Each of our children, unbeknownst to the others, had placed an envelope on the tree for their dad. The tradition has grown and someday will expand even further with our grandchildren standing to take down the envelope.

Mike’s spirit, like the Christmas spirit will always be with us.

By Nancy W. Gavin

The Pie Lady

“Shared by Carla”

Karen is a gifted pastry chef who, I believe, makes the most delicious baked goods on the planet.  Her creations include cakes, cookies, muffins, breads, and pastries.  However, her favorite things to make are pies.

A couple years ago Karen wanted to show her appreciation to someone she admired, so she decided to bake her a pie.  The lucky recipient was so pleased with the gift that Karen decided to take the giving a step further.  She resolved to bake a pie a day for a year (that’s 365 pies!), find a worthy person to give each to, and blog about it.  Thus, the Pie a Day Giveaway was born!  Her tag line was, ‘Expressing gratitude to friends, family and the Universe with a year of pies.’

So, for the next year, every single day, Karen found a person to appreciate, and baked him/her a pie.  She honored store clerks, non-profit agencies, service people of all kinds, strangers, friends and family. Anybody she came into contact with was a potential recipient.  The beneficiaries had no idea they were on her ‘pie list’ until she showed up at their door, pie in hand.

Karen was so committed to this appreciation project that even when she was on vacation in Mexico, or on a motorcycle trip to the Oregon Coast, she managed to find ingredients and a kitchen and bake a pie.
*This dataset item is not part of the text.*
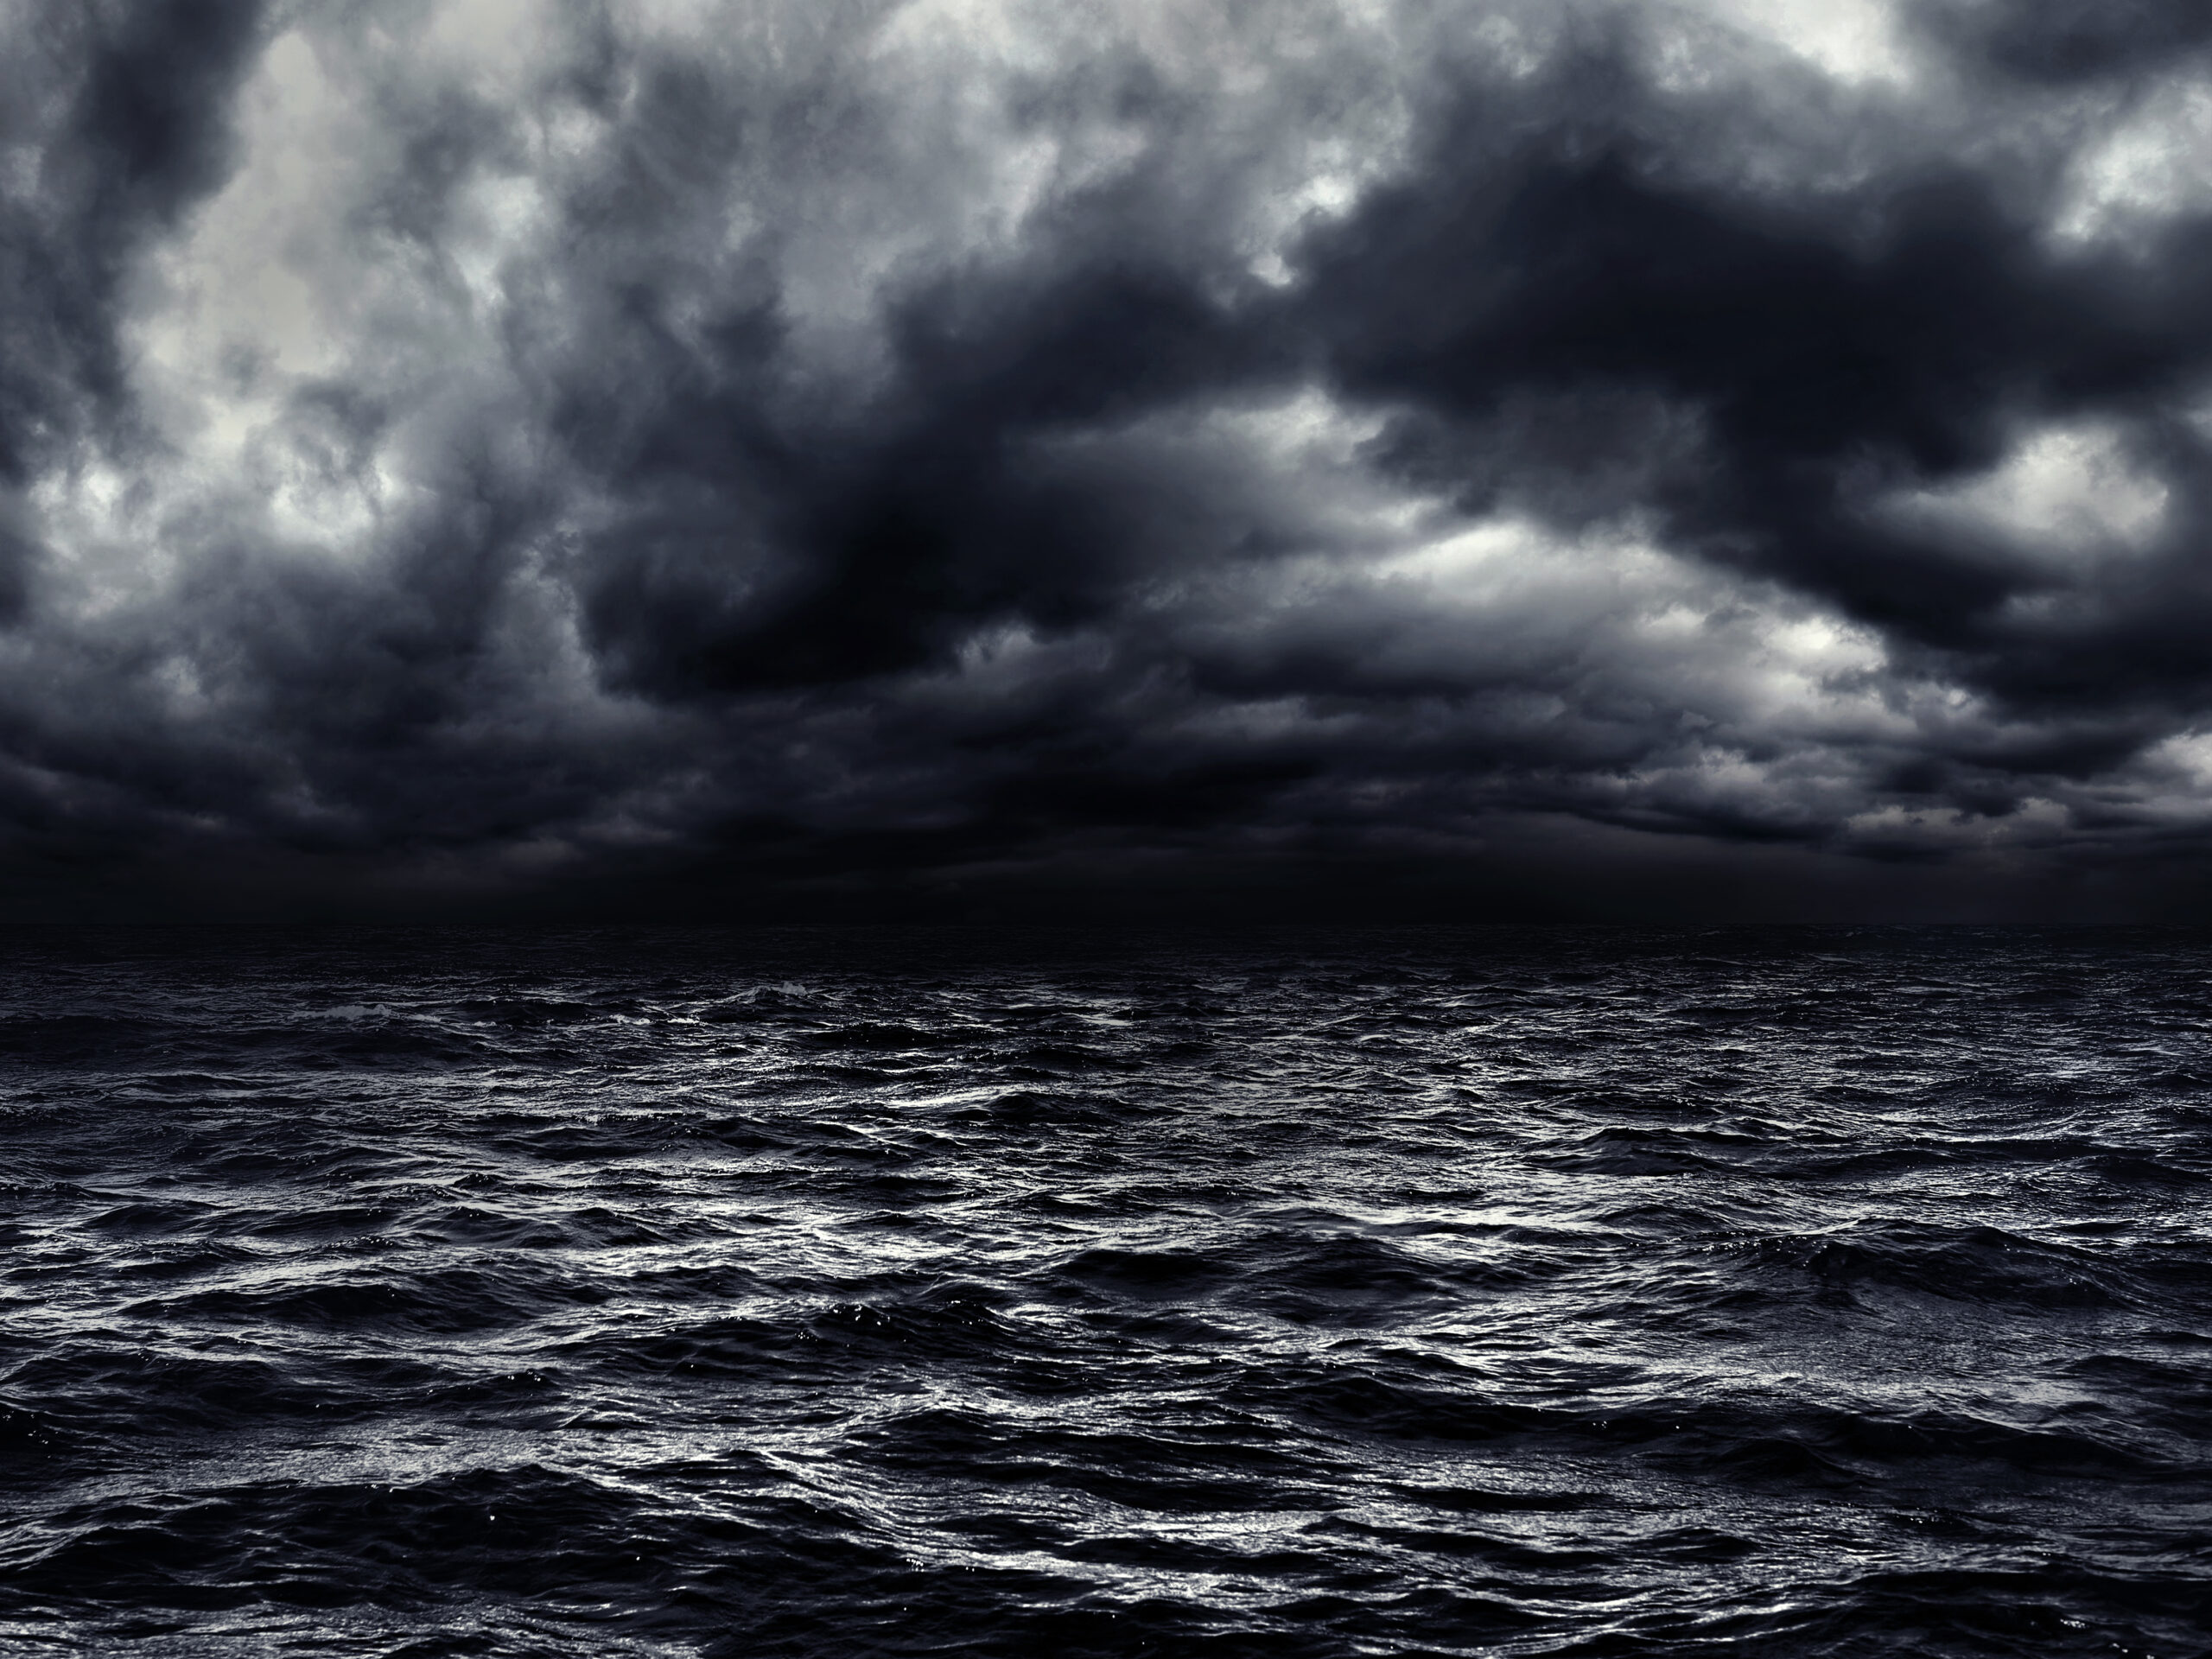 Dark stormy sea with a dramatic cloudy sky. | Source: Shutterstock

She then found a deserving local person to share it with.  Her commitment and accountability to doing what she said she would regardless of the expense, inconvenience and organizational challenges was remarkable.
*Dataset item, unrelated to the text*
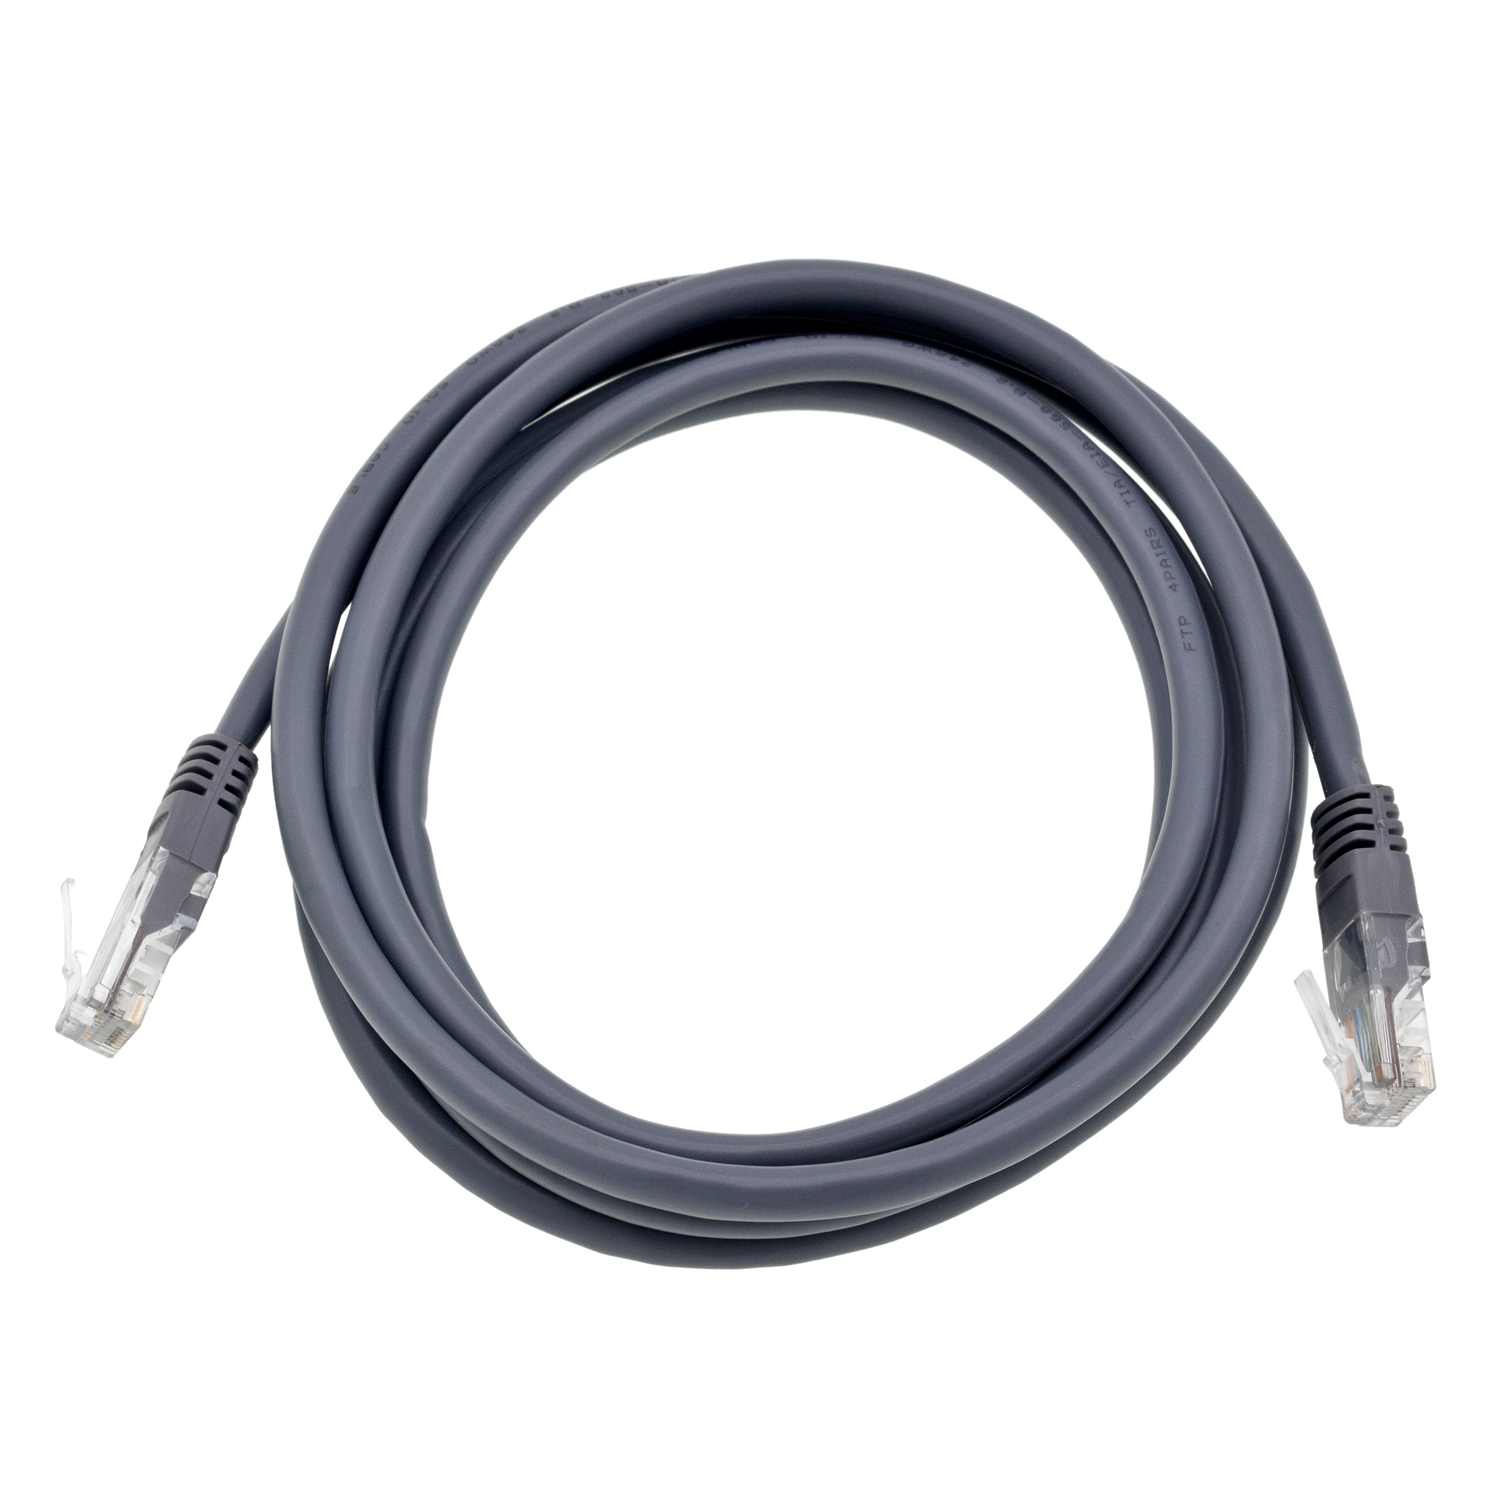 CAT6 Ethernet Cable FTP 8P8C Shielded Cable for Networking

It seems to me that Karen’s Pie a Day Giveaway is a metaphor for what the holiday season is about.  She gave selflessly, with gratitude and appreciation, focusing on other people and how they would be positively affected by her actions.  She shared her talents with the gift of love, generosity and fun.  She carried the holiday spirit throughout the year.
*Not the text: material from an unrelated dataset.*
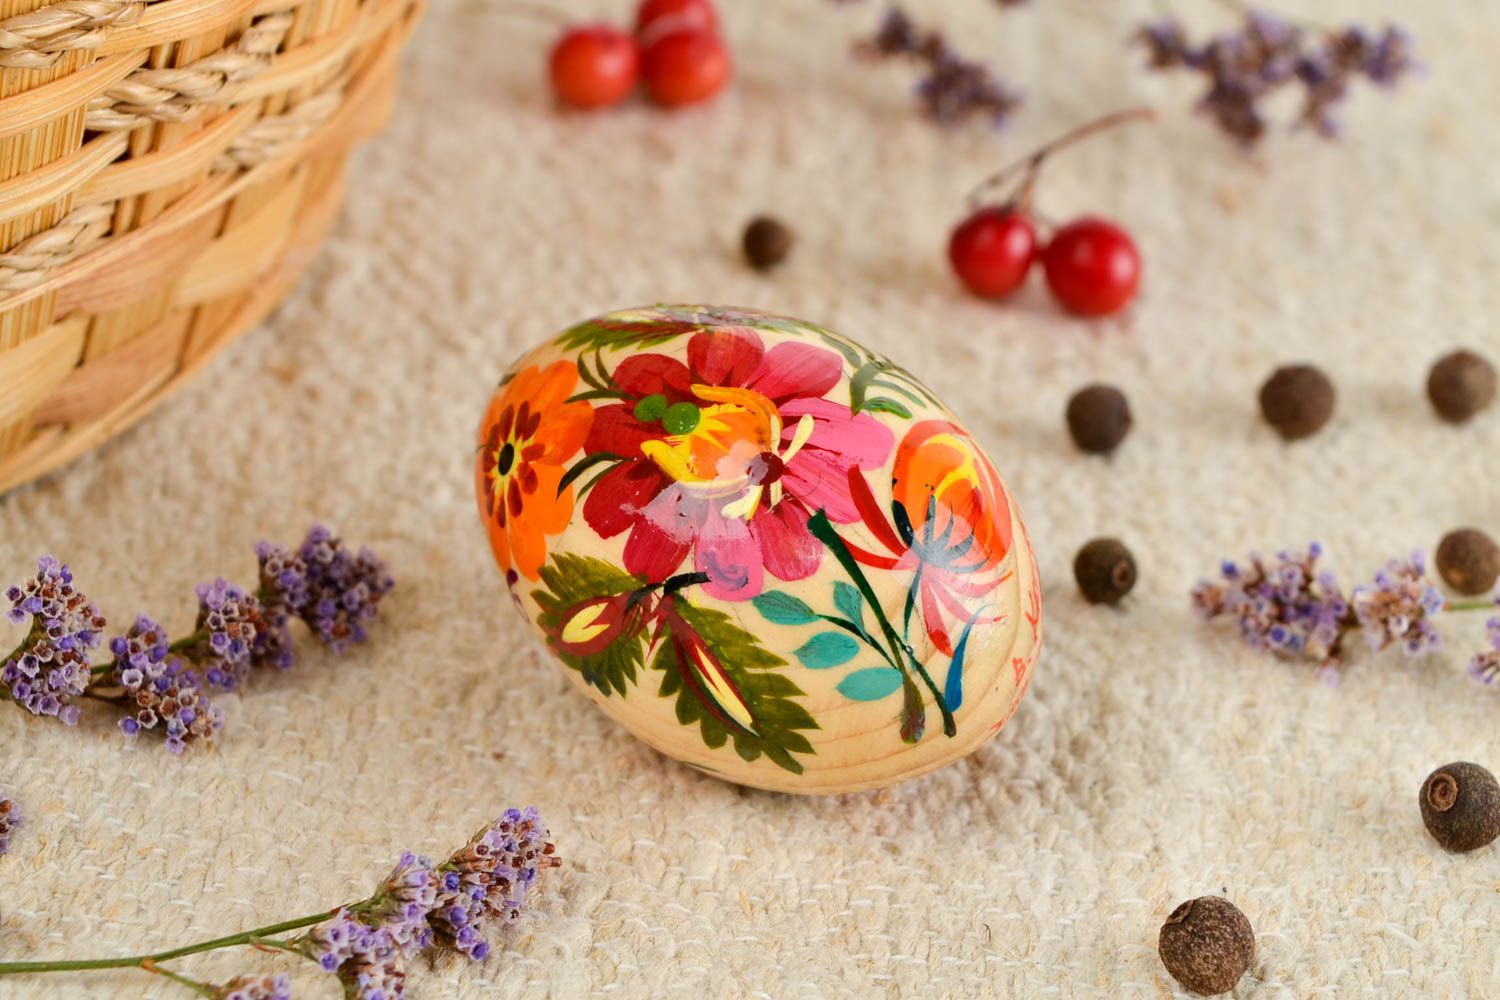 Unusual handmade wooden Easter egg modern decor gift ideas decorative use only photo 1

For 12 months Karen showed this spirit with pies.  However, what’s more important is that Karen embodies that giving spirit all year long!  She is a loving, caring soul, who makes the world a beautiful, happy place wherever she goes.

So this month I’m reflecting on how I can live up to Karen’s example by being more loving, appreciative and generous, not only at Christmas, but all year long.